The soundtrack reminded me of Centerpointe's Holosync Brain Sounds, which I found challenging for reasons I found out when I attended training in Anna Wise's Awaking the Mind system. The training measured your brainwaves during guided meditation and revealed your VAK system, your individual sensory modalities - visual, auditory and kinaesthetic.
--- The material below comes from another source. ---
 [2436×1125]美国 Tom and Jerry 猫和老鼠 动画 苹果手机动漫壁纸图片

They told some very interesting stories about monks they'd tested who'd meditated for decades and never moved out of beta brainwaves to obtain the proven health benefits of stillness.
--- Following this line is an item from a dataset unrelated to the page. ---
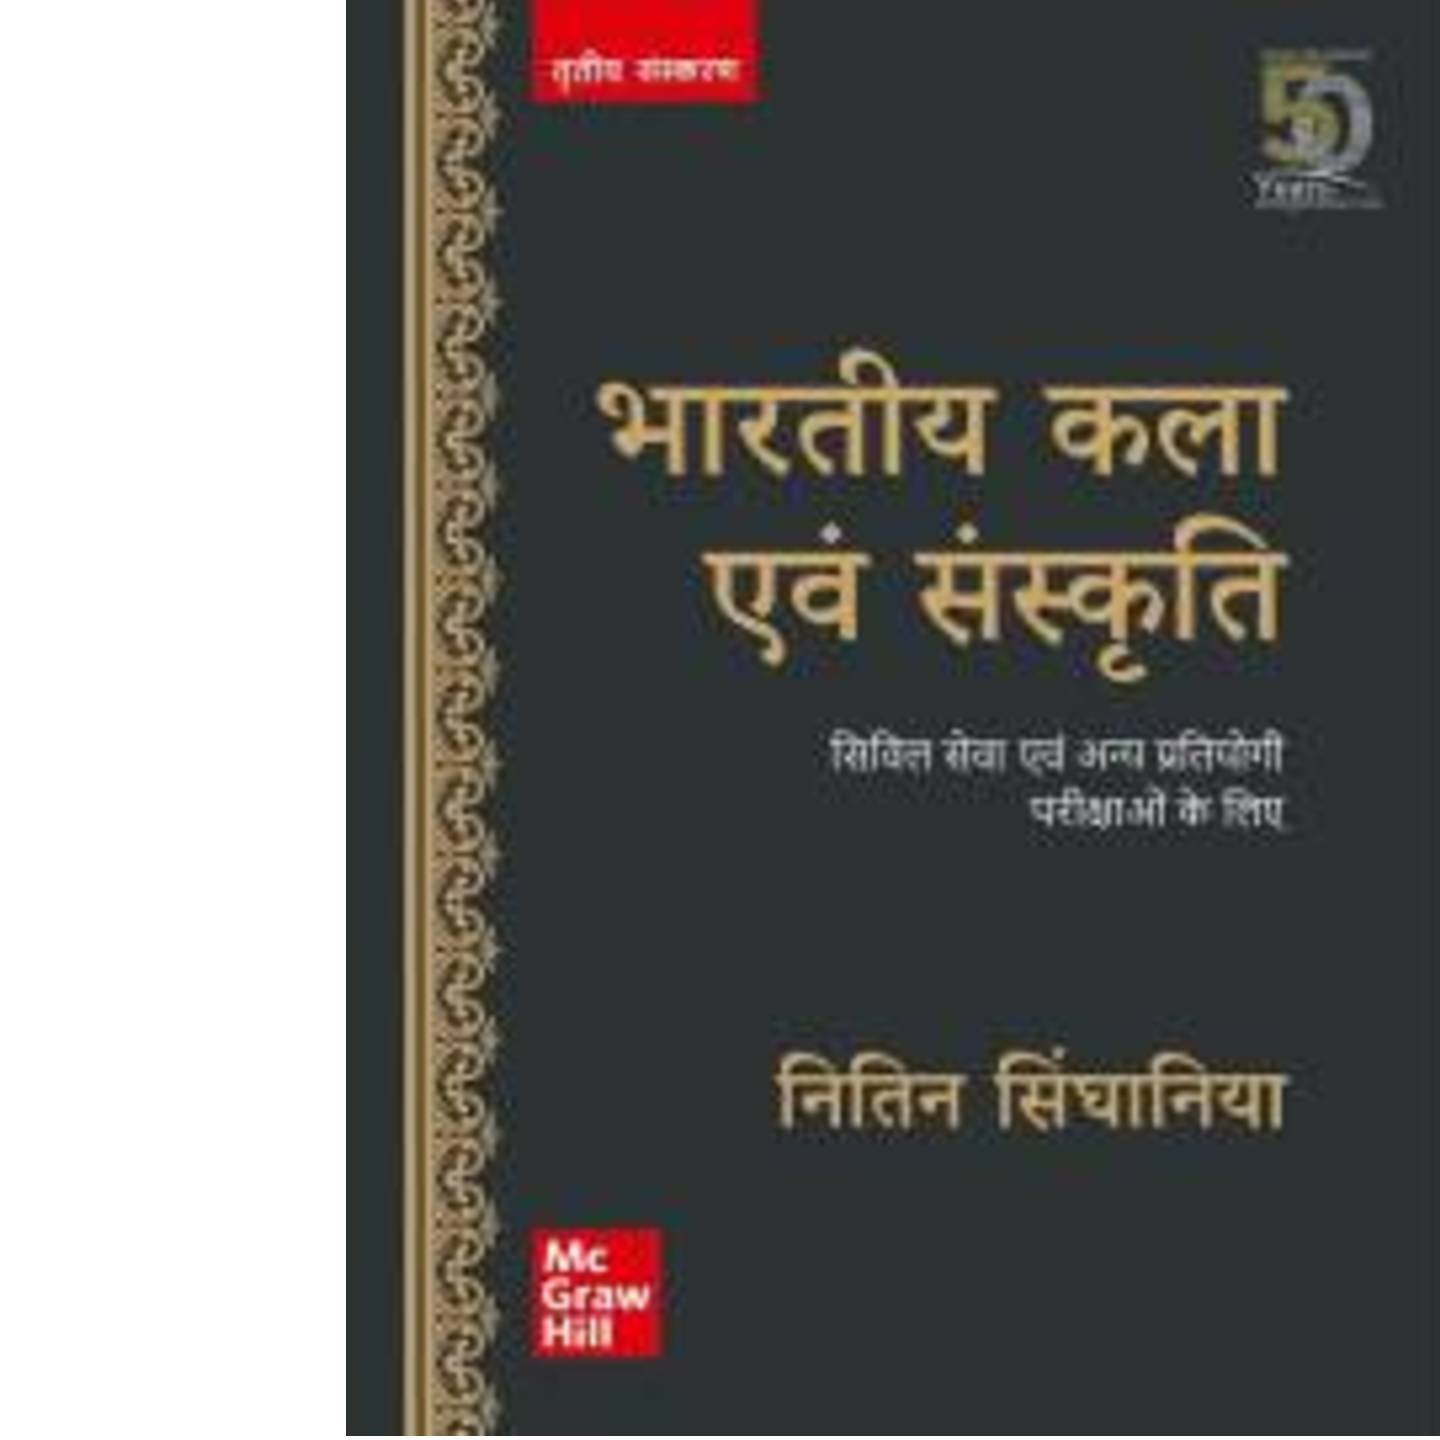 Bharitya Kala Evam Sanskriti NITIN SINGHANIA

Nwando Ebizie was telling the tale when I arrived and someone else was continuing as I left.  It was a modern take on the meditative brain state, and a short introduction for the uninitiated.

-    Jane Unsworth

 

Links relevant to this diagnosis:

Brainwaves and Meditation - Science Daily

Centrepointe Holosync Meditation

Anna Wise - Awakening the Mind 

Mindfulness vs Meditation - Medical Daily

Pete Blackaby - Humanistic Yoga

ELEPHANT OF MY HEART // Prospero Theatre

There’s a long and rich interplay between meditation and the arts, including music and artworks including the ancient Indian tradition of mandalas. 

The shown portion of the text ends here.